**EXERCISE DETAILS**
Without including any images, repeat the data exactly.

---------- COLLECTED DATA ----------

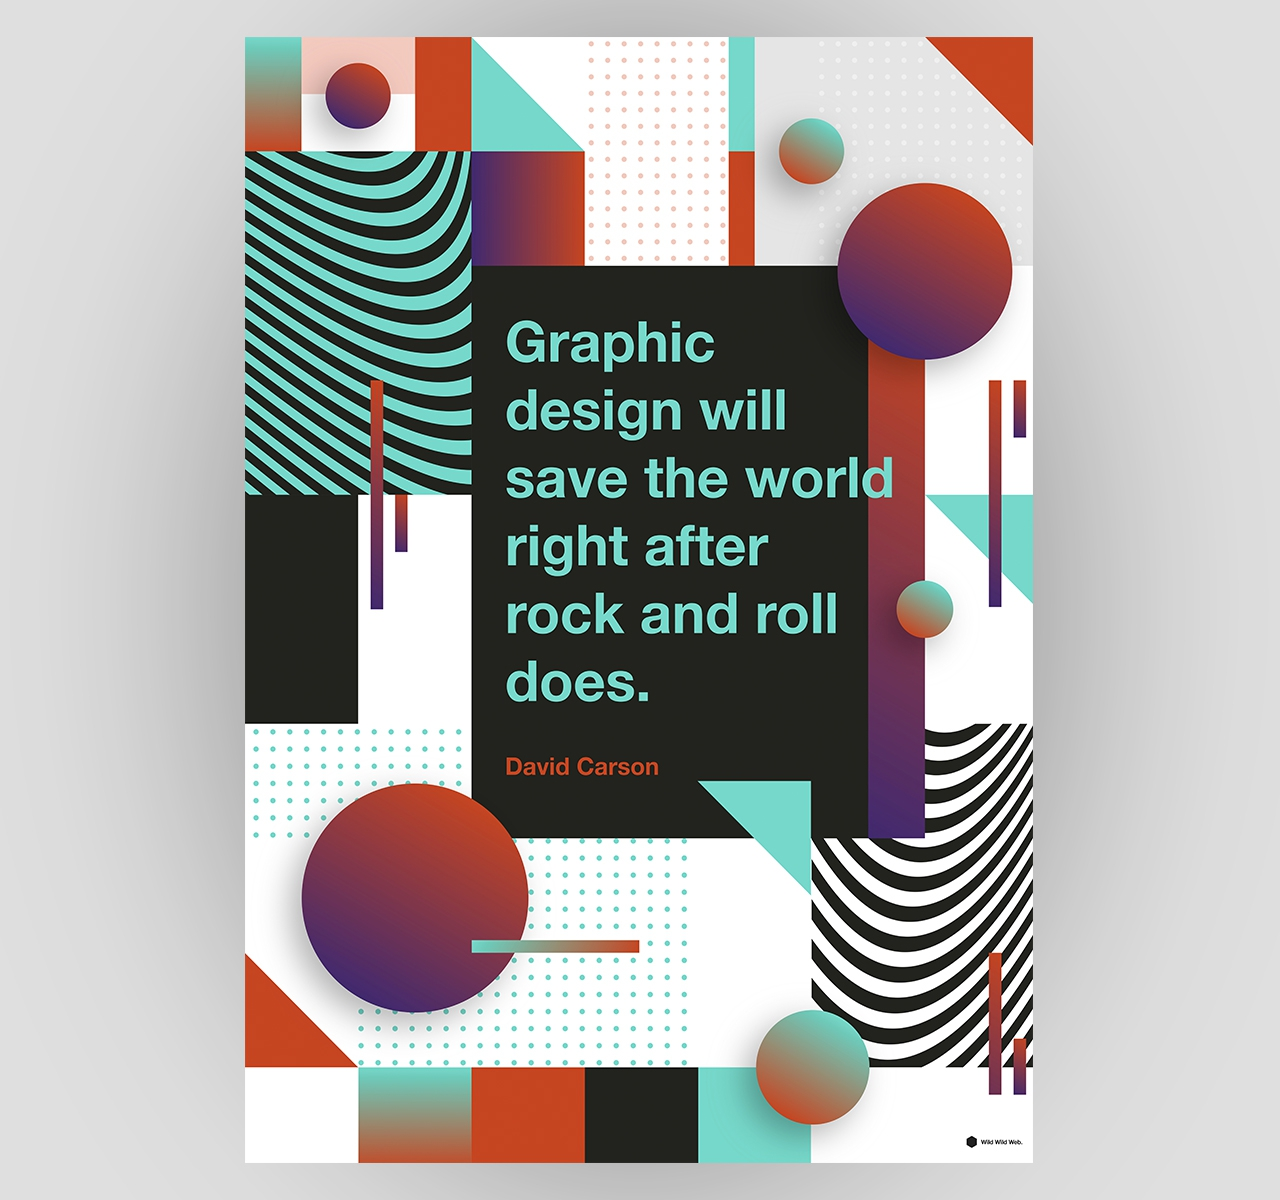 7 pósteres para os amantes do design gráfico
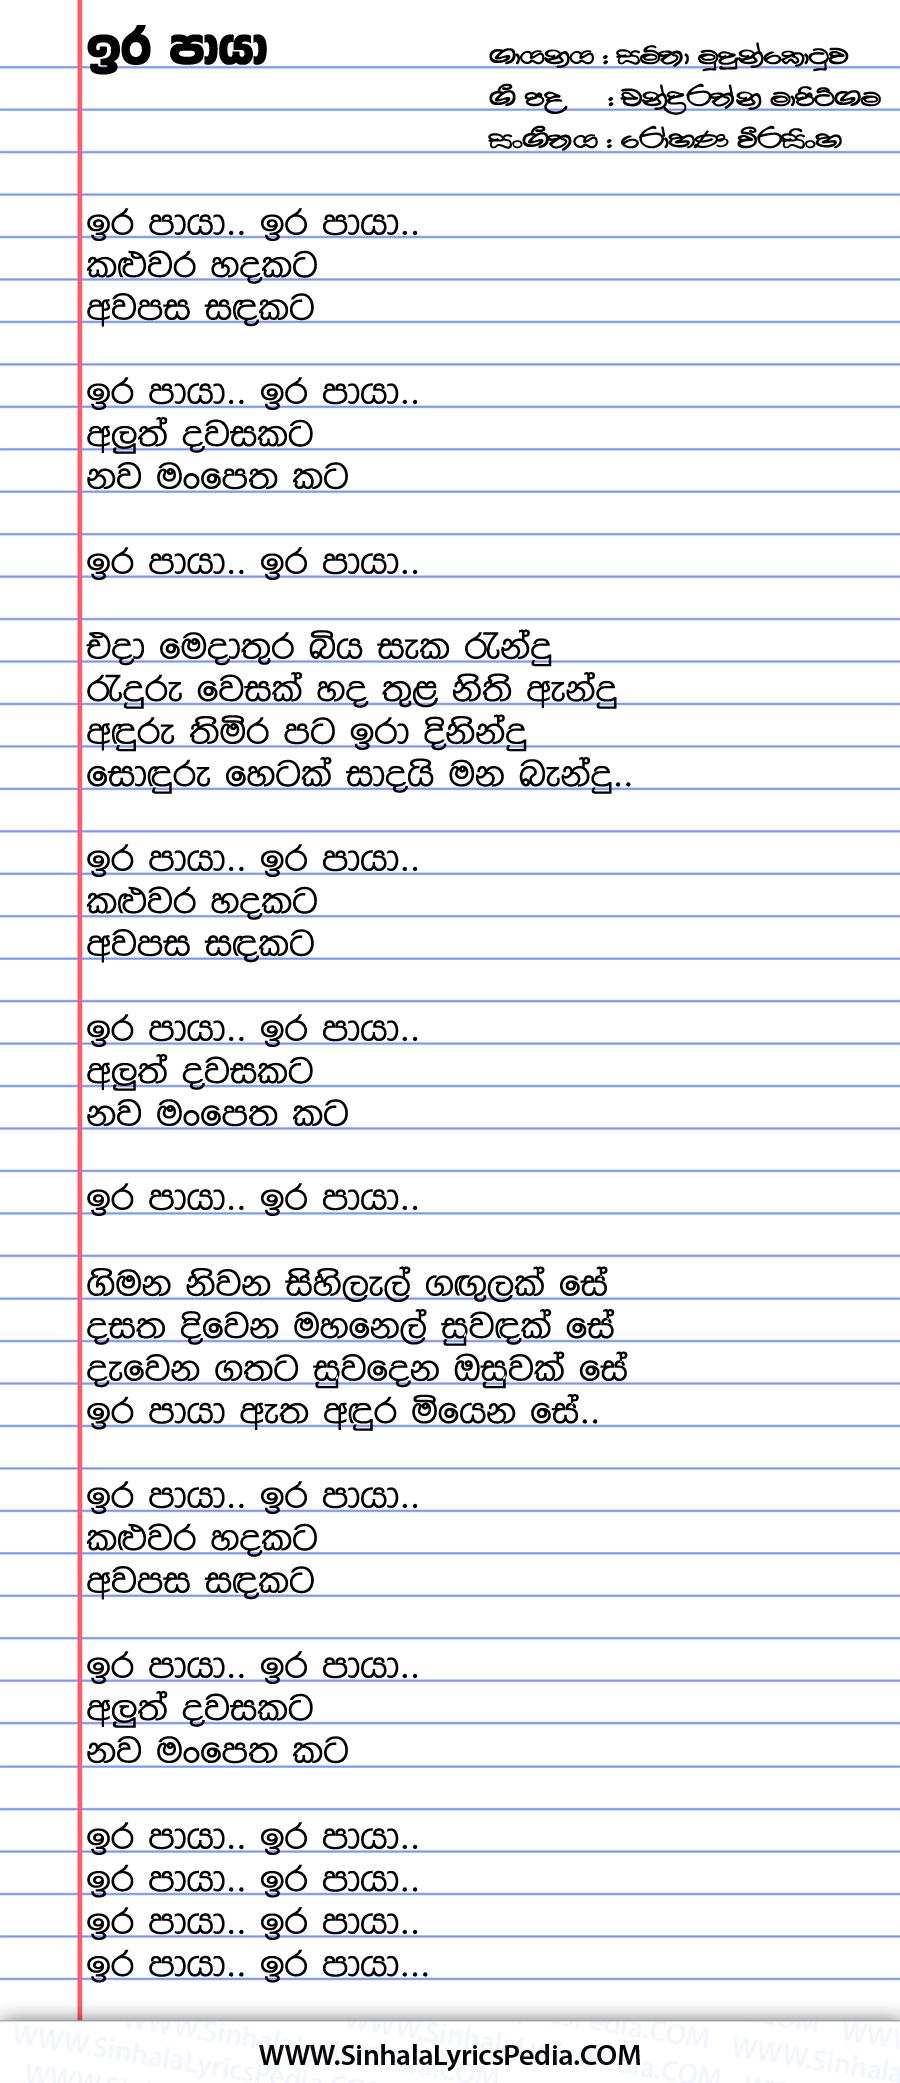 Ira Paya Ira Paya Song Lyrics
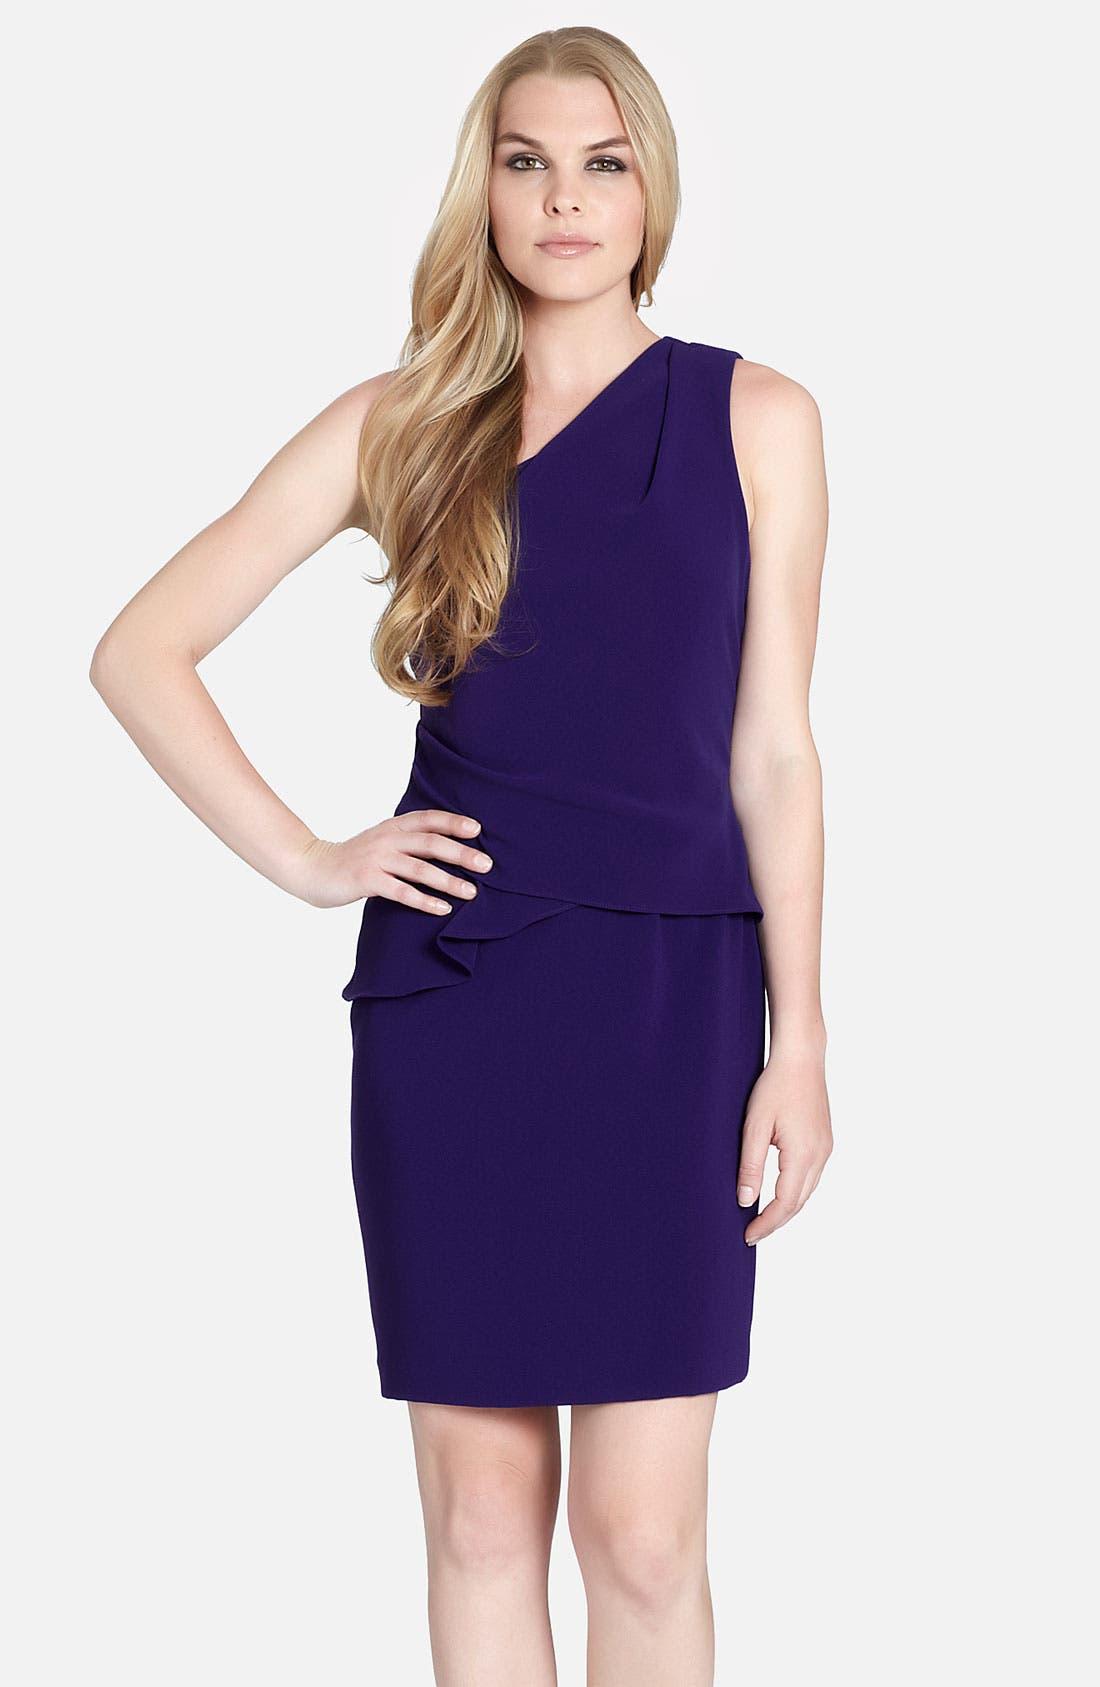 Main Image - Cynthia Steffe 'Brielle' One Shoulder Side Peplum Dress

----------

**EXERCISE OUTPUT**
 7 pósteres para os amantes do design gráfico
 Ira Paya Ira Paya Song Lyrics
 Main Image - Cynthia Steffe 'Brielle' One Shoulder Side Peplum Dress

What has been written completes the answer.